Exabyte, a materials discovery cloud specialist, has published a study that compares Linpack performance on four of the largest public cloud providers. Although the study’s methodology had some drawbacks, the results suggested that with the right hardware, HPC applications could not only scale well in cloud environments, but could also deliver performance on par with that of conventional supercomputers.
Overall, HPC practitioners have resisted using cloud computing for a variety of reasons, one of the more significant being the lack of performant hardware available in cloud infrastructure. Cluster network performance, in particular, has been found wanting in generic clouds, since conventional Ethernet, both GigE and 10GigE, do not generally have the bandwidth and latency characteristics to keep up with MPI applications running on high core-count nodes. As we’ll see in a moment, it was the network that seemed to matter most in terms of scalability for these cloud environments.
The Exabyte study used high performance Linpack (HPL) as the benchmark metric, measuring its performance on four of the most widely used public clouds in the industry: Amazon Web Service (AWS), Microsoft Azure, IBM SoftLayer, and Rackspace. (Not coincidentally Exabyte, a cloud service provider for materials design, device simulations, and computational chemistry, employs AWS, Azure, SoftLayer and Rackspace as the infrastructure of choice for its customers.) Linpack was measured on specific instances of these clouds to determine benchmark performance across different cluster sizes and its efficiency in scaling from 1 to 32 nodes. The results were compared to those on Edison, a 2.5 petaflop (peak) NERSC supercomputer built by Cray. It currently occupies the number 60 spot on the TOP500 rankings.
To keep the benchmark results on as level a playing field as possible, it looks like the Exabyte team tried to use the same processor technology across systems, in this case, Intel Xeon processors of the Haswell or Ivy Bridge generation. However, the specific hardware profile – clock speed, core count, and RAM capacity -- varied quite a bit across the different environments. As it turns out though, the system network was the largest variable across the platforms. The table below shows the node specification for each environment.
Source: Exabyte Inc.
As might be expected, Edison was able to deliver very good results, with a respectable 27-fold speedup as the Linpack run progressed from 1 to 32 nodes, at which point 10.44 teraflops of performance was achieved.
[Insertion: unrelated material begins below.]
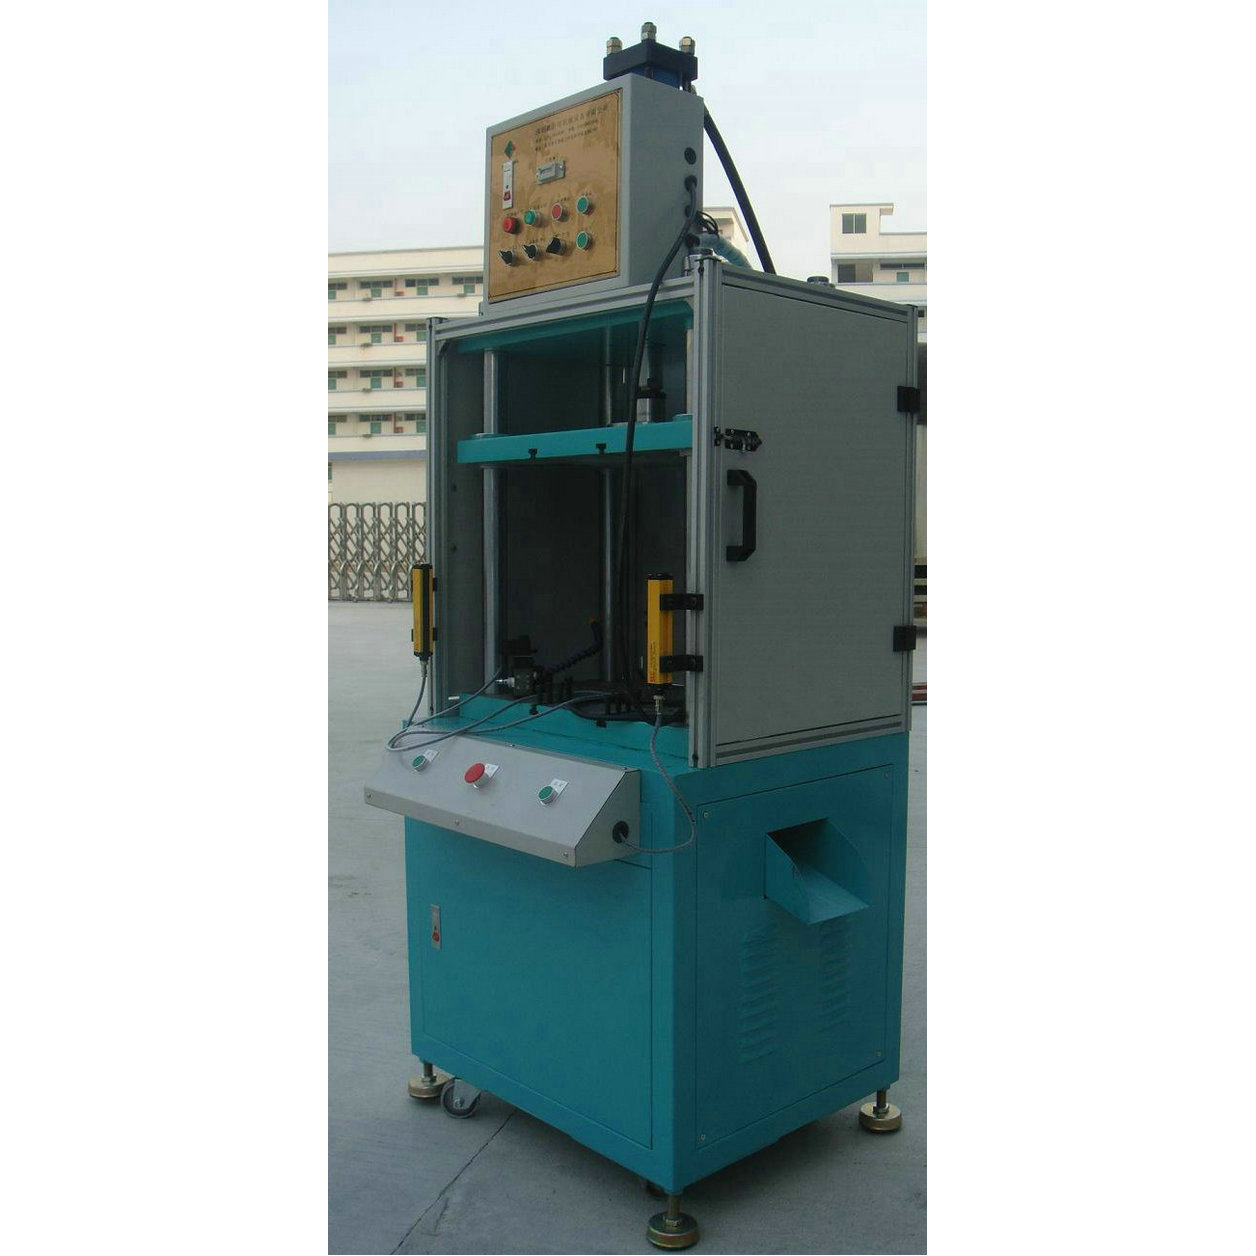 Special four-column hydraulic press

That represents decent scalability and is probably typical of a system with a high-performance interconnect, in this case Cray’s Aries network. Note that Edison had the highest core count per node (48), but one of the slower processor clocks (2.4 GHz) of the environments tested.
The AWS cloud test used the c4.8xlarage instance, but was measured in three different ways: one with hyperthreading enabled, one with hyperthreading disabled, and one with hyperthreading disabled and with the node placements optimized to minimize network latency and maximize bandwidth. The results didn’t vary all that much between the three with maximum Linpack performance of 10.74 being recorded for the 32-node setup with hyperthreading disabled and optimal node placement. However the speedup achieved for 32 nodes was just a little over 17 times that of a single node.
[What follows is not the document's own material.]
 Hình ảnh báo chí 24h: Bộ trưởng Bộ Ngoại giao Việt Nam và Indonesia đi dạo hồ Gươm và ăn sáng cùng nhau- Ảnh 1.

The Rackspace cloud instance didn’t do nearly as well in the performance department, achieving only 3.04 teraflops on the 32-node setup. Even with just a single node, its performance was much worse than that of the AWS case, despite having more cores, a similar clock frequency, and an identical memory capacity per node. Rackspace did, however, deliver a better than an 18-fold speed as it progressed from 1 to 32 nodes -- slightly better than that of Amazon. That superior speedup is not immediately explainable since AWS instance provides more than twice the bandwidth of the Rackspace setup. It’s conceivable the latter’s network latency is somewhat lower than that of AWS.
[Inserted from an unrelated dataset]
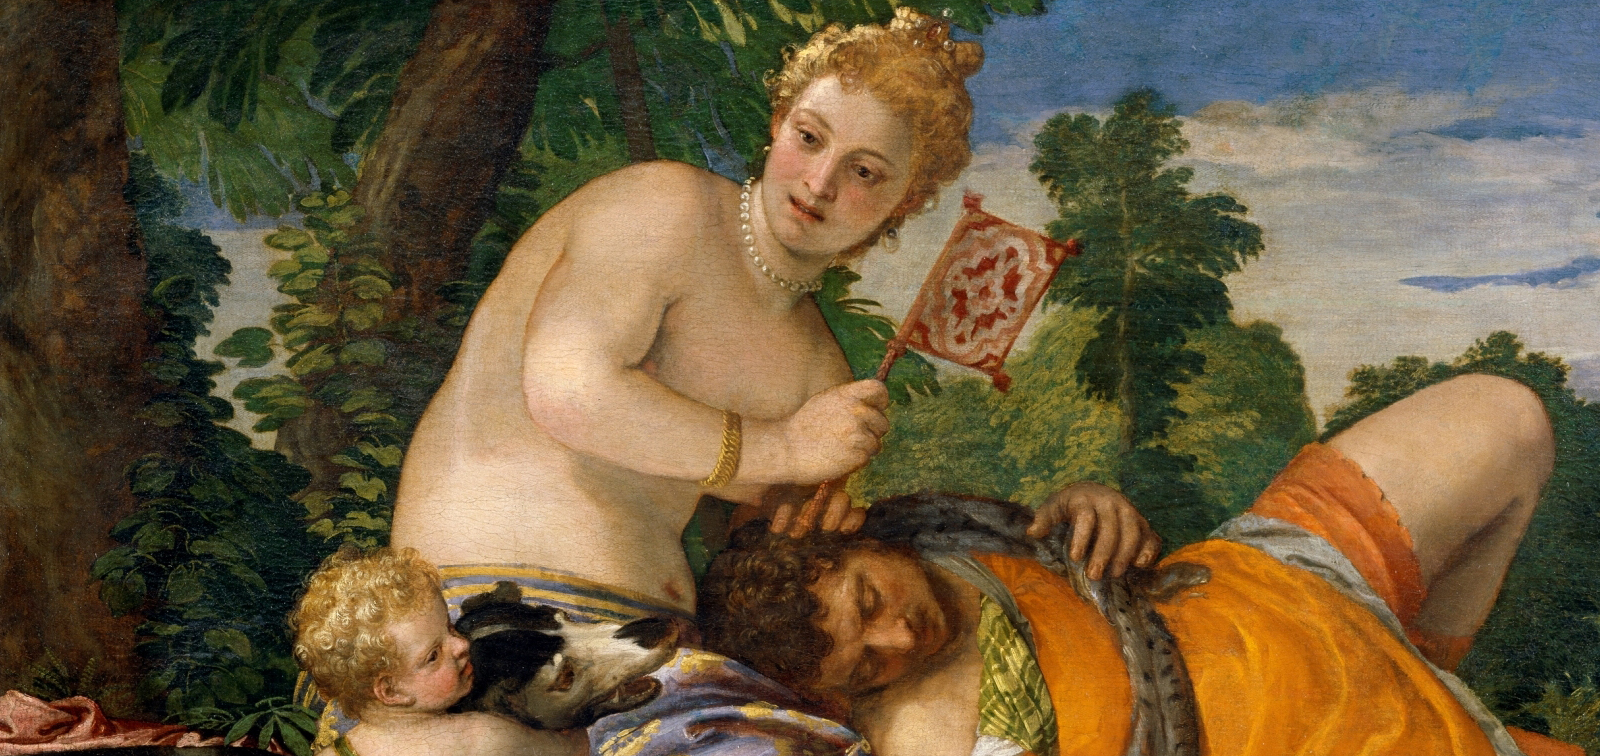 Una obra, un artista: <em>Venus y Adonis</em>, de Veronés

IBM SoftLayer fared even worse, delivering just 2.46 Linpack teraflops at 32 nodes and a speedup of just over 4 times that of a single node. No doubt the relatively slow processor clock (2.0 GHz) and slow network speed (1 gigabit/sec) had a lot to do with its poor performance.
Micrsoft’s Azure cloud offered the most interesting results. Here the Exabyte team decided to test three instances F16s, A9, and H16. The latter two instances were equipped with InfiniBand, the only platforms in the study where this was the case. The A9 instance provided 32 gigabits/sec and the H16 instance provided 54 gigabits/sec – nearly as fast as the 64 gigabits/sec of the Aries interconnect on Edison.
Not surprisingly, the A9 and H16 exhibited superior scalability for Linpack, specifically, more than a 28-fold speedup on 32 nodes compared to a single node. That’s slightly better than the 27x speedup Edison achieved. In the performance area, the H16 instance really shined, delivering 17.26 Linpack teraflops in the 32-node configuration. That’s much higher than any of the other environments tested, including the Edison supercomputer. It’s probably no coincidence that the H16, which is specifically designed for HPC work, was equipped with the fastest processor of the bunch at 3.2 GHz. Both the A9 and H16 instances also had significantly more memory per node than the other environments.
One of the unfortunate aspects of the Edison measurement is that they enabled hyperthreading for the Linpack runs, something Intel explicitly says not to do if you want to maximize performance on this benchmark. With the exception of one of the AWS tests, none of the others ran the benchmark with hyperthreading enabled.
In fact, the poor Linpack yield on Edison, at just 36 percent of peak in the 32-node test run, suggests the benchmark was not devised very well for that system. The actual TOP500 run across the entire machine achieved a Linpack yield of more than 64 percent of peak, which is fairly typically of an HPC cluster with a high-performance network. The Azure H16 in this test had a 67 percent Linpack yield.
There’s also no way to tell if other hardware variations – things like cache size, memory performance, etc. -- could have affected the results across the different cloud instances. In addition, it was unclear if the benchmark implementations were optimized for the particular environments tested. Teams working on a TOP500 submission will often devote weeks to tweaking a Linpack implementation to maximize performance on a particular system.
It would have been interesting to see Linpack results on other InfiniBand-equipped clouds. In 2014, an InfiniBand option was added to SoftLayer, but the current website doesn’t make any mention of such a capability. However, Penguin Computing On Demand, Nimbix, and ProfitBricks all have InfiniBand networks for their purpose-built HPC clouds. Comparing these to the Azure H16 instance could have been instructive. Even more interesting would be to see other HPC benchmarks, like the HPCG metric or specific application kernels tested across these platforms.
Of course, what would be ideal would be some sort of cloud computing tracker that could determine the speed and cost of executing your code on a given cloud platform at any particular time. That’s apt to require a fair amount of AI, not to mention a lot more transparency by cloud providers on how their hardware and software operates underneath the covers. Well, maybe someday...